In a breakthrough for Alzheimer’s diagnosis, the U.S. Food and Drug Administration (FDA) has approved the first blood test capable of detecting early signs of the disease. The test, called Lumipulse G pTau217/β-Amyloid 1-42 Plasma Ratio, was developed by Fujirebio Diagnostics and is designed for individuals aged 55 and older who are experiencing signs of cognitive decline.

This test marks a significant advancement as it identifies amyloid plaques in the brain—a hallmark of Alzheimer’s disease—using a simple blood sample. Previously, detecting these plaques required either costly PET scans or invasive procedures such as a lumbar puncture to collect cerebrospinal fluid (CSF). The Lumipulse test eliminates those hurdles by analyzing two key proteins in the blood: pTau217 and β-amyloid 1-42. The ratio of these proteins is then used to determine whether amyloid buildup is likely present in the brain.

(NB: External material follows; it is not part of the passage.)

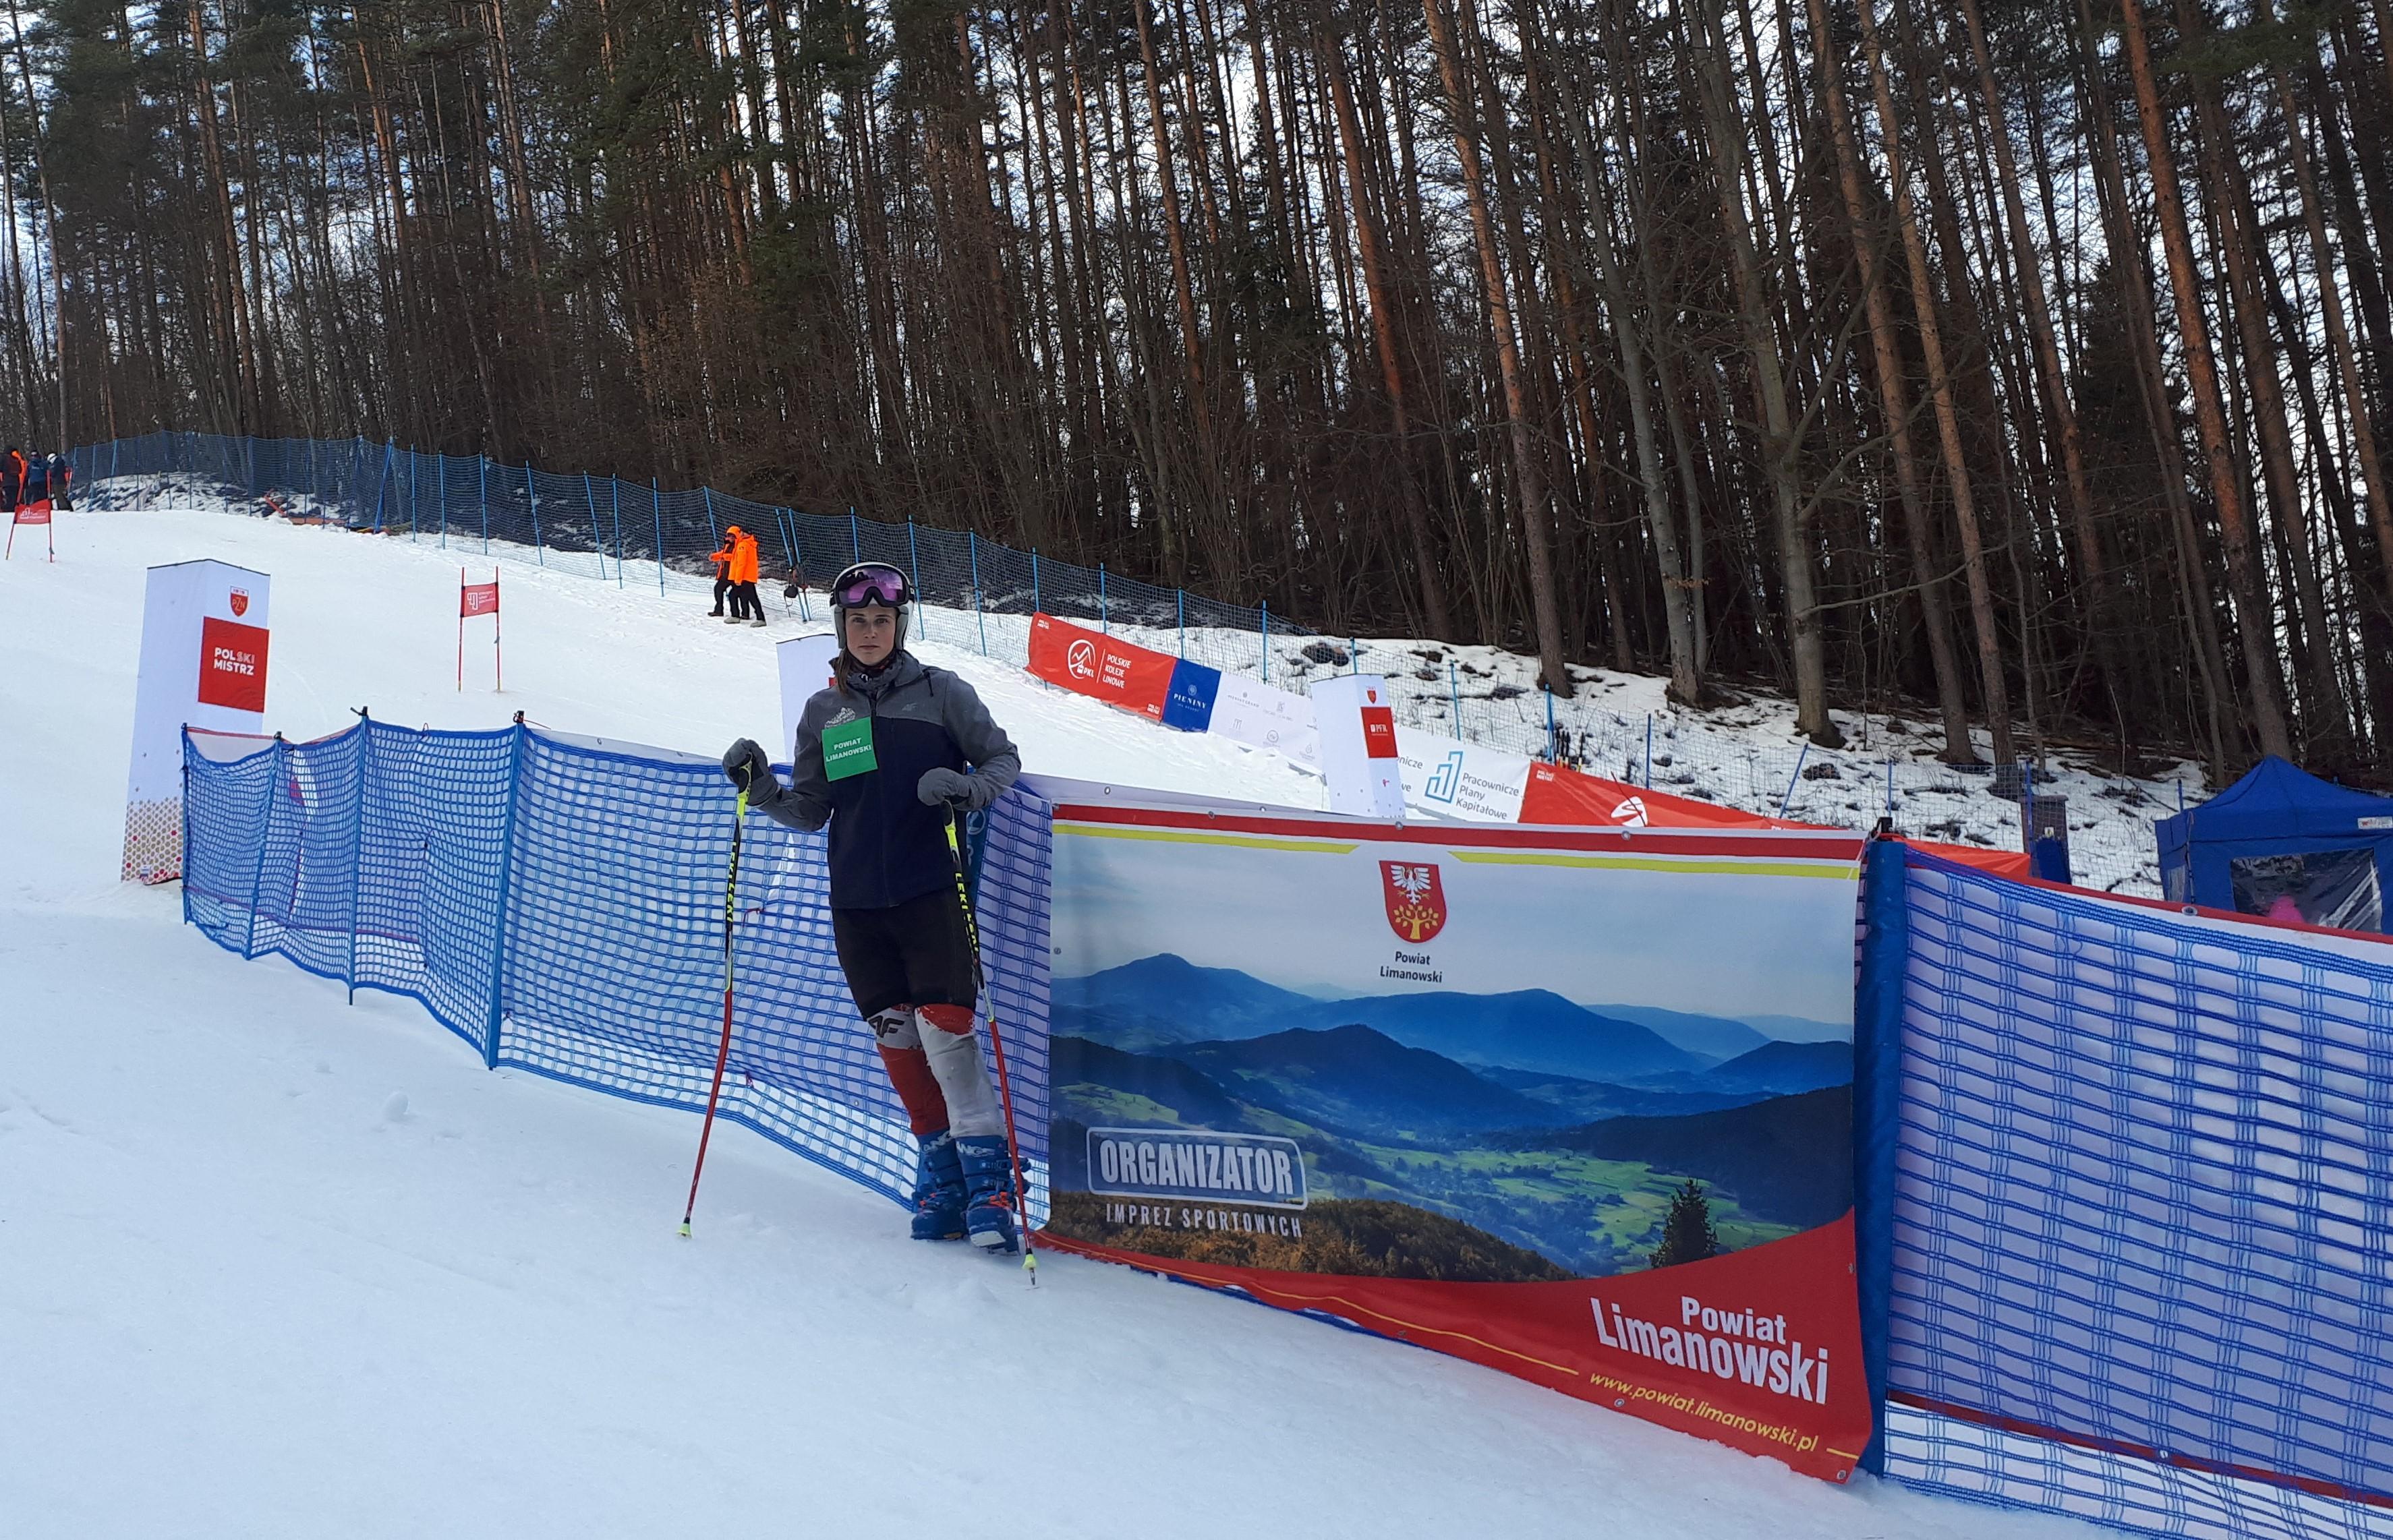 Patrycja Florek - Laureatką 4. miejsca w Mistrzostwach Polski w Naciarstwie alpejskim

“This is a game changer,” said Dr. Howard Fillit, co-founder and chief science officer at the Alzheimer’s Drug Discovery Foundation. “Being able to diagnose Alzheimer’s early with a simple blood test, similar to how we test for cholesterol, will allow more patients to access treatment options that could delay or even prevent the disease.”

The FDA’s decision to grant marketing clearance was based on a multicenter clinical study involving 499 adults who showed signs of cognitive impairment. The results showed high accuracy: 91.7% of those who tested positive were confirmed to have amyloid plaques through traditional testing, while 97.3% of those who tested negative did not have the plaques. Only a small percentage of test results (less than 20%) were inconclusive.

Dr. Michelle Tarver, director of the FDA’s Center for Devices and Radiological Health, emphasised the importance of the approval. “Nearly 7 million Americans are living with Alzheimer’s, and this number is projected to rise to nearly 13 million. This blood test represents a major step in making diagnosis more accessible for patients earlier in the disease process.”

The Lumipulse test is intended for use in specialised healthcare settings and should be considered alongside other clinical evaluations. With this approval, the path to early diagnosis and timely intervention for Alzheimer’s disease could become significantly easier and less invasive for millions of patients and their families.